Awas Setir Kanan!
Tajuk

Awas Setir Kanan!

Kita hanya tidak ingin ke depannya melihat pemimpin yang sekarang dan akan dipilih nanti dalam pilkada dan pemilu mendatang menanamkan bibit-bibit perpecahan yang merusak persatuan Indonesia yang justru tumbuh dan berkembang dari perbedaan.

Oleh:
RED
Bacaan 2 Menit
Ilustrasi: BAS
Ilustrasi: BAS
Baru-baru ini pemilu Austria menunjukkan kembali arus deras di Eropa untuk belok kanan. Dengan Trump di AS, maka arus ke kanan di Eropa bisa mengkonfirmasi apa yang dikatakan oleh Steven Erlanger dan James Kanter dalam The New York Times 16 Oktober lalu tentang “the new normal of Europe”. Jadi ini bukan sesuatu yang mengherankan, karena nyaris saja Jerman, Belanda dan Perancis dalam pemilu mereka yang belum lama ini mereka lakukan, seakan mau membuka jalan lebih dahulu untuk serong kanan. Nasionalisme sempit, populisme, “own country first”, anti imigran, dan anti Islam, adalah slogan dan garis kebijakan dasar para penguasa atau calon penguasa Eropa baru yang (katanya) normal itu.

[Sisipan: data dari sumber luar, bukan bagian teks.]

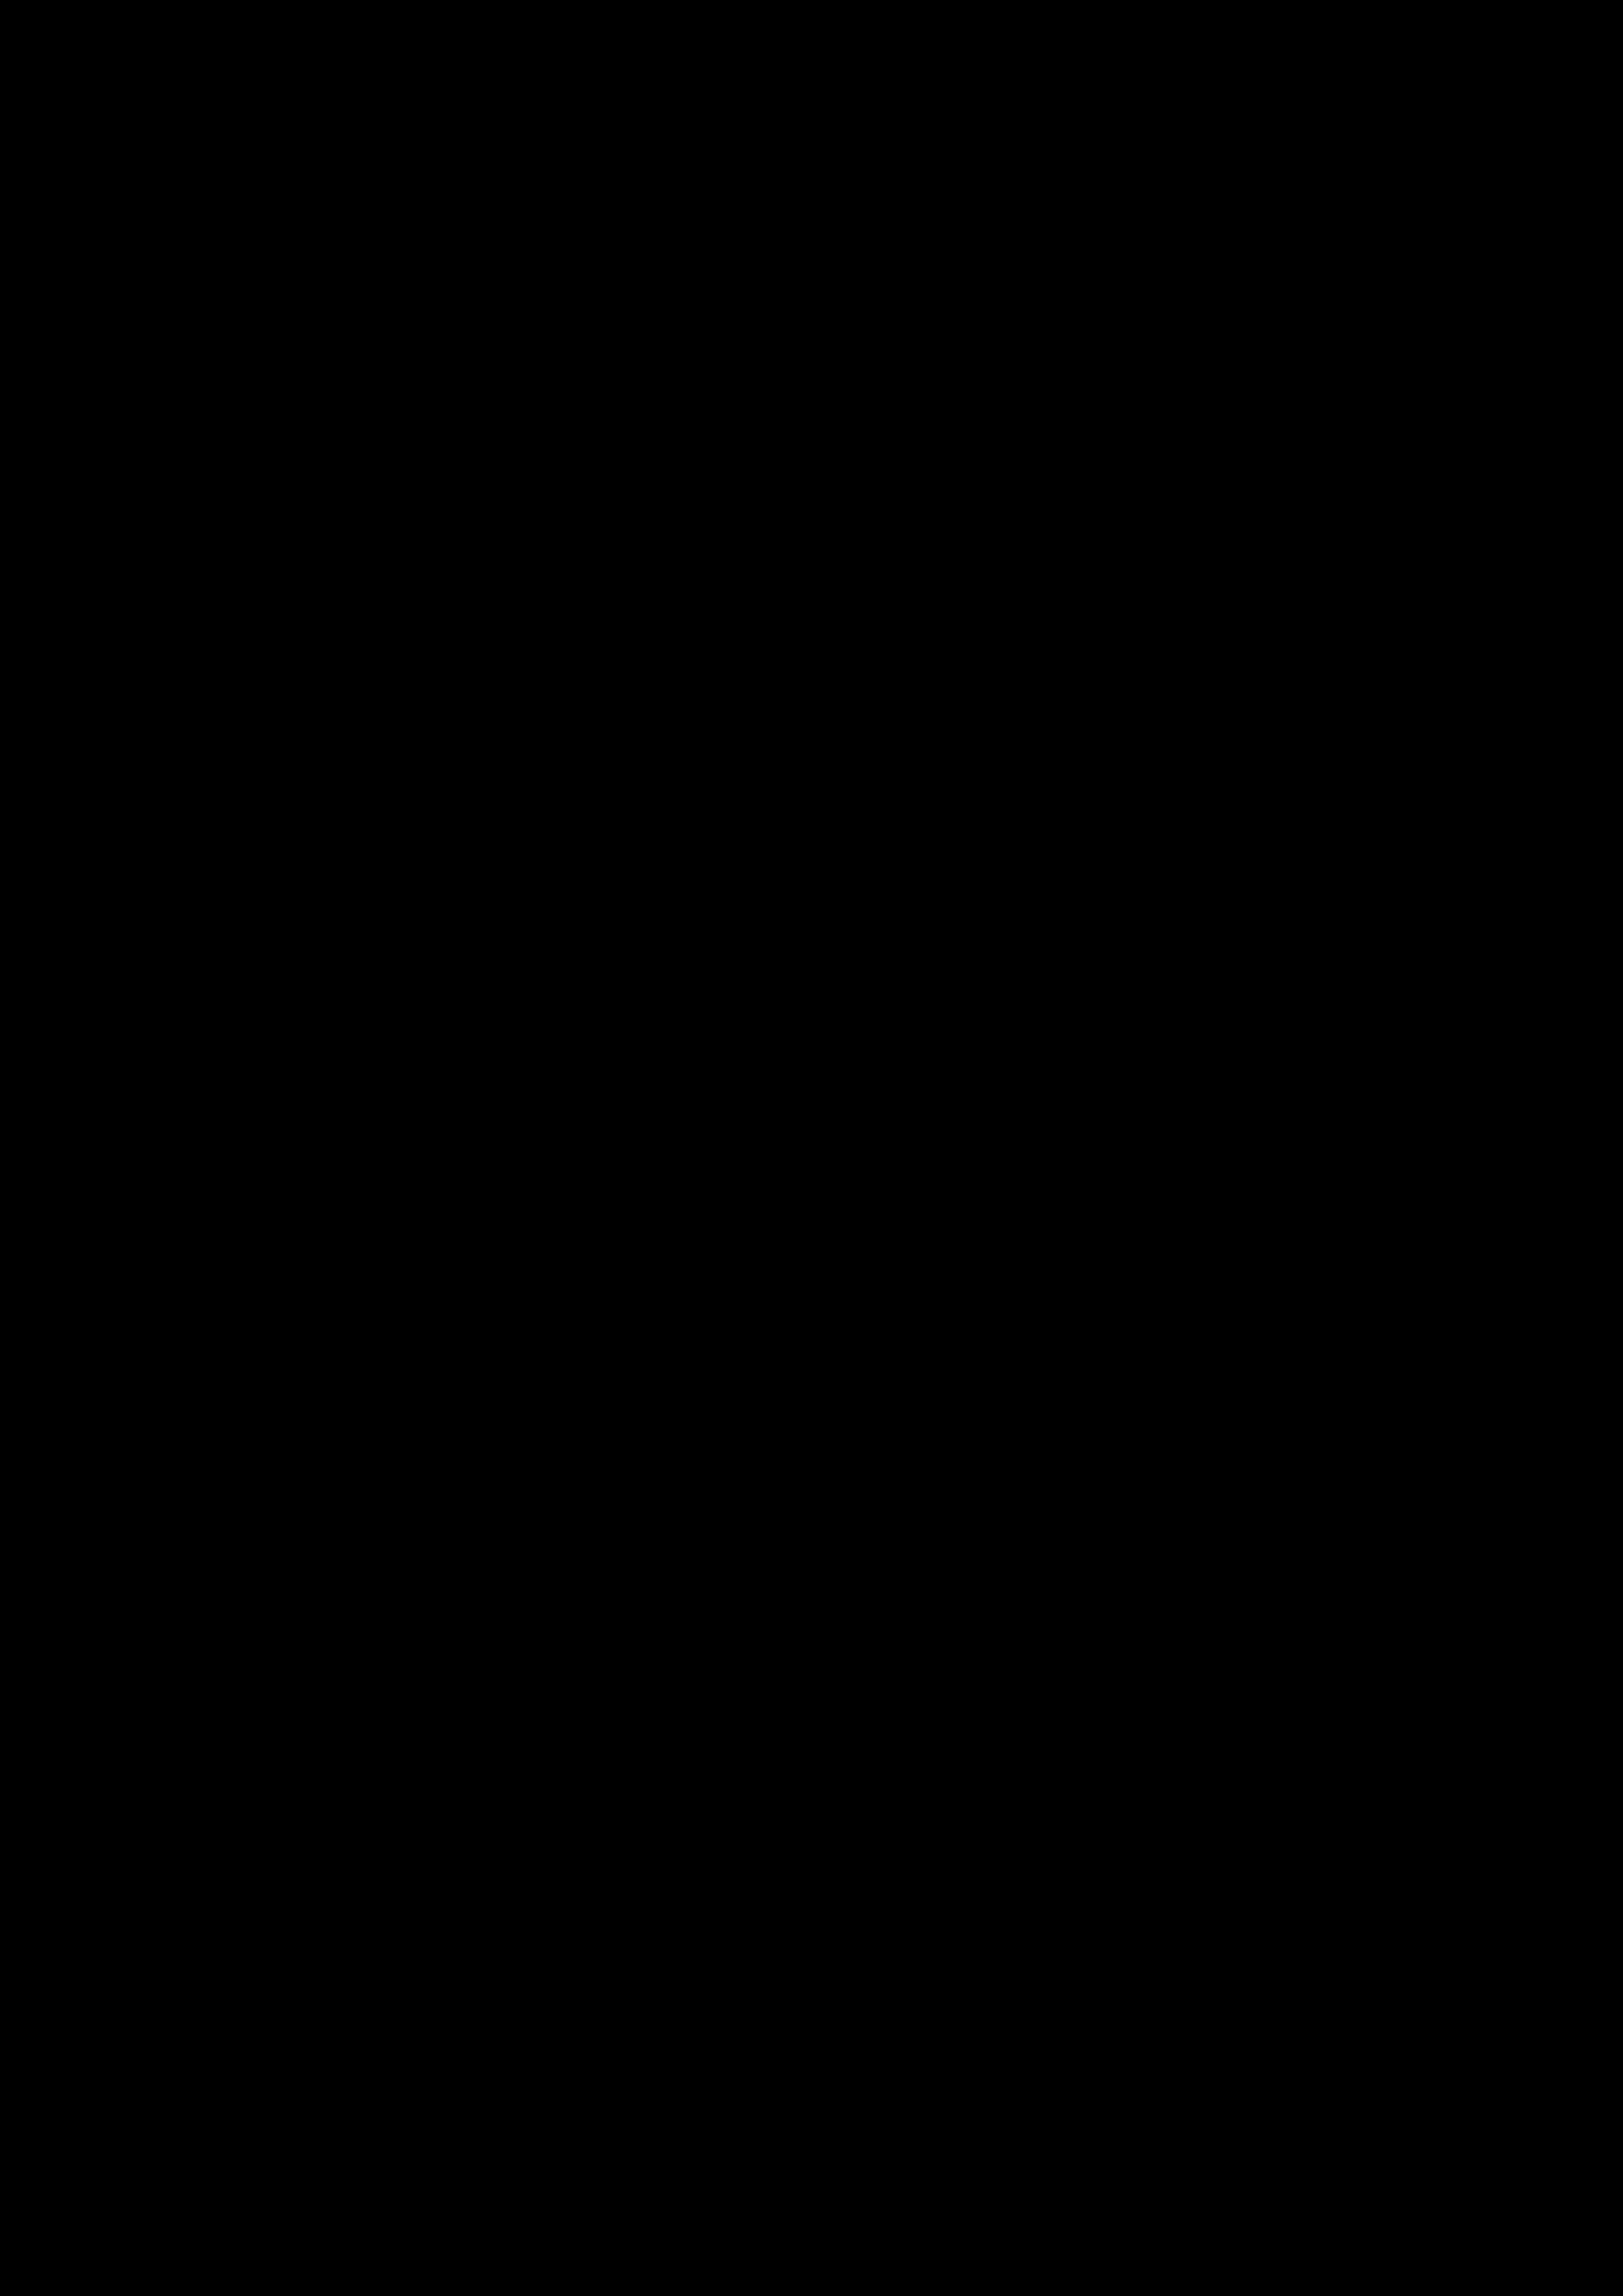 メヌエット ト長調2の楽譜
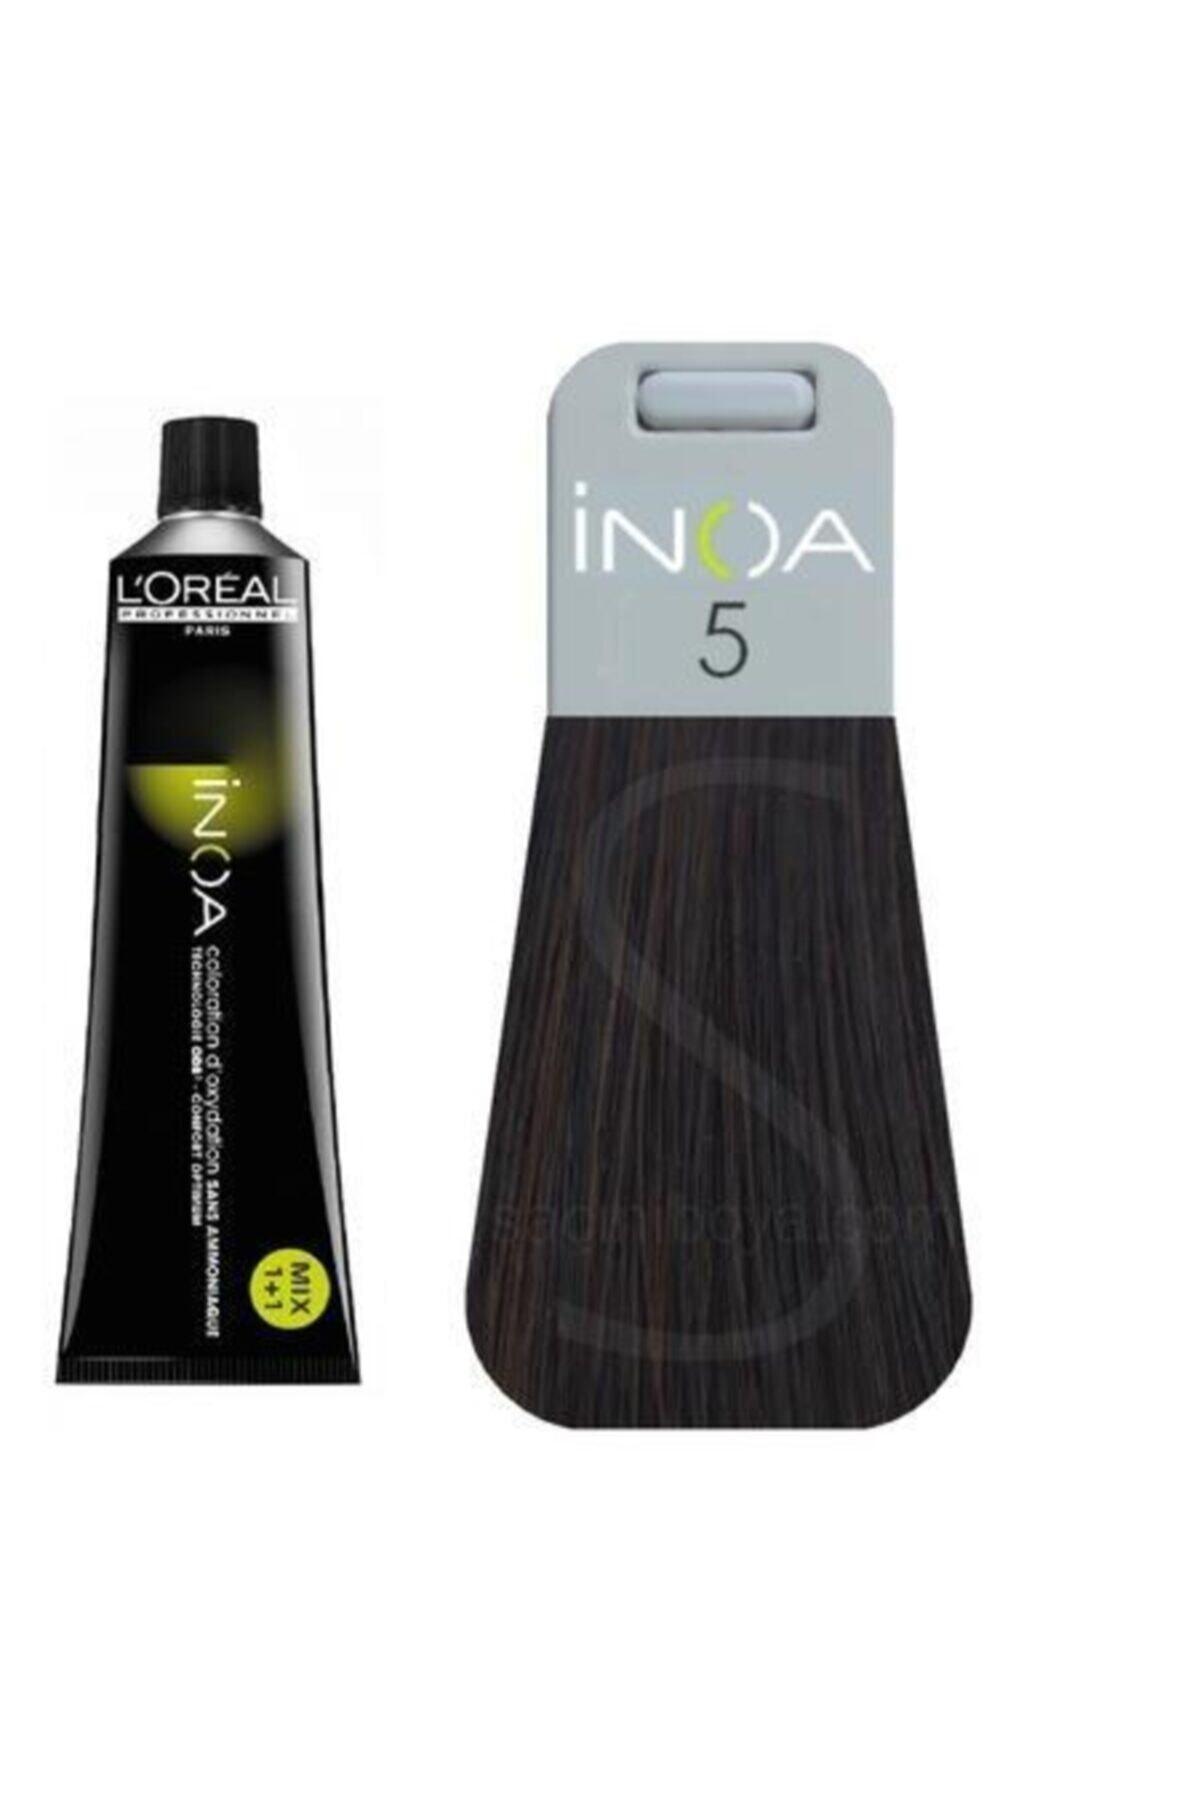 İNOA Inoa Saç Boyası 5 Açık Kestane 3474630413641 (OKSİDANSIZ) 1

Yang mengherankan, kalau Trump yang tua bisa memenangkan pemilu di AS karena dukungan sebagian besar pemilih yang sangat konservatif, mereka yang tersingkir karena krisis ekonomi yang berkepanjangan, mereka yang tinggal di kantong-kantong tradisional Amerika, dan para pemuja AS sebagai “the guardian of the planet earth”, maka Sebastian Kurz adalah pemuda milineal berusia 31 tahun yang dekat dengan generasi muda, gaul, aktif dalam kegiatan komunitas dan menerapkan pilihan sikap dan cara hidup anak muda milineal di Djaman Now. Kaum milineal dekat dengan semangat kerja bareng, berkolaborasi, kebebasan berpendapat, keberpihakan pada yang tertindas, dan anti-estabishment. Dari sisi ini, kemenangan Kurz, yang merupakan tokoh dan dekat dengan generasi milenial, agak mengherankan.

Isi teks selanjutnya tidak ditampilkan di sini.